A little booklet contained the data for a dozen card tricks. It was fun, but also deflating in a way. The card tricks that seemed so baffling
became trivial once one understood how they worked. And with everything else in the box, there
was the issue that all the tricks relied on deception. It was fine when your audience knew that to
be the case. But what if they
didn’t? Endless grounds for manipulation
of the gullible.
The sort of thing I mean
occurs in King Solomon’s Mines. Foreknowing that there will be a solar
eclipse, the English adventurers declare that they will black out the Sun. In a good cause – to help a rightful claimant
secure his throne – but a result achieved, none the less, by what is
effectively a lie.
The downside of such
tactics against the credulous can be seen in Rudyard Kipling’s novella The Man Who Would Be King. Dravot is assumed to be a god until he
bleeds; whereupon the priests realise that he is nothing but a human. With attendant consequences.
A similar sort of assumption underlies the God-of-Gaps argument, or
the rejection of miracles. Things were
once assumed to be miraculous, or explicable only by the presence of God; but
now we know better. As knowledge
increases, so the role of God diminishes.
One day there will be no need for God at all. But is this a valid comparison with the magic
box, or isn’t it?
Take the case of the
rainbow. It was thought, so the argument
runs, to be God’s covenant with Noah.
But now we know it to be caused by the splitting of white sunlight into
component colours by raindrops. Refraction,
wavelengths etc. We must abandon the
idea of the covenant.
Or must we?
For are we comparing like with like?
What is actually implied,
after all? That the rainbow did not
exist before the Flood? Then there
really would be a case to answer. Or is
it simply that the rainbow is now made into a promise? If
that is the issue, then knowing how a rainbow is formed is irrelevant to
its covenantal significance.
When Verdi composed Nabucco, the song of the Hebrew slaves
achieved a symbolic significance for the
subject Italians against their Austrian oppressors. That they whistled it could not prove
subversion: they were simply whistling a catchy tune they knew from Nabucco. And knowing a lot about music, how Verdi
composed, when it was written, and in what key: none of that would have made
the slightest difference as to whether or not the song was symbolic.
You can be powerfully
moved by a painting, even if you know nothing about the mechanics of art. Knowing the stages of composition, the nature
of the pigments, the artistic school within which the work arose etc, does not
mean that the picture no longer exists.
And it need not alter in any way the emotional effect it has on you.
Something similar (technically, a debate about Realism and
Nominalism) is at work with the Witch in C S Lewis’ The Silver Chair: The
hanging lamp reminds the trapped Narnians of the Sun. But the Sun is an illusion. Because you see the lamp, you imagine the
existence of something like it, but greater.

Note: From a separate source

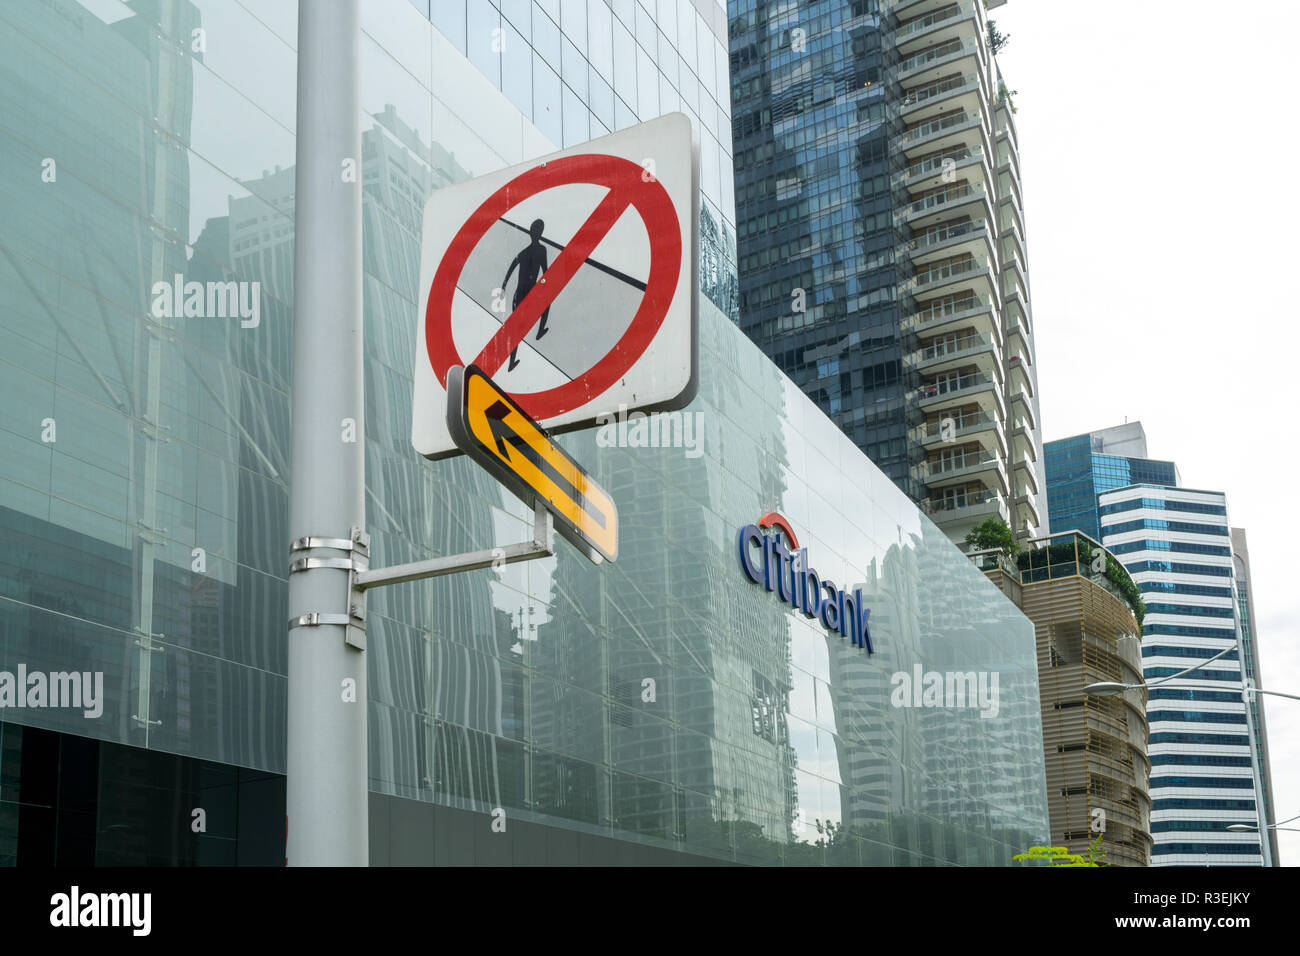 Singapore - September 16 2017: "No pedestrians" road sign next to Citibank sign in the office building in Central Business District in Singapore with  Stock Photo

Lions, equally, do not exist.
Because you have seen a cat, you imagine a bigger, more powerful
version; but simply imagining it does not mean that it exists.
Because we know about
human fathers, we imagine a divine one.
This was the sort of argument
against God and Heaven posited by Feuerbach: taken up enthusiastically – and
more famously – by Marx and Freud.
It cuts two ways, of
course, Because we get thirsty may be
the proof that water is an illusion. Or
it may be the proof that we are creatures who need to sustain ourselves by
drinking. The hunger for God may prove
God to be an illusion; or it may suggest that we were not created for spiritual
self-sufficiency.
Lewis’ Silver-Chair
argument, of course, it is only an analogy.
The sceptic will counter that we have seen real lions, and we have
seen the Sun. We have not seen God.
To which the Christian
may reply that there were those who did, when Christ once walked the
Earth.
And for the rest of us,
the question is not “If?", but “When?”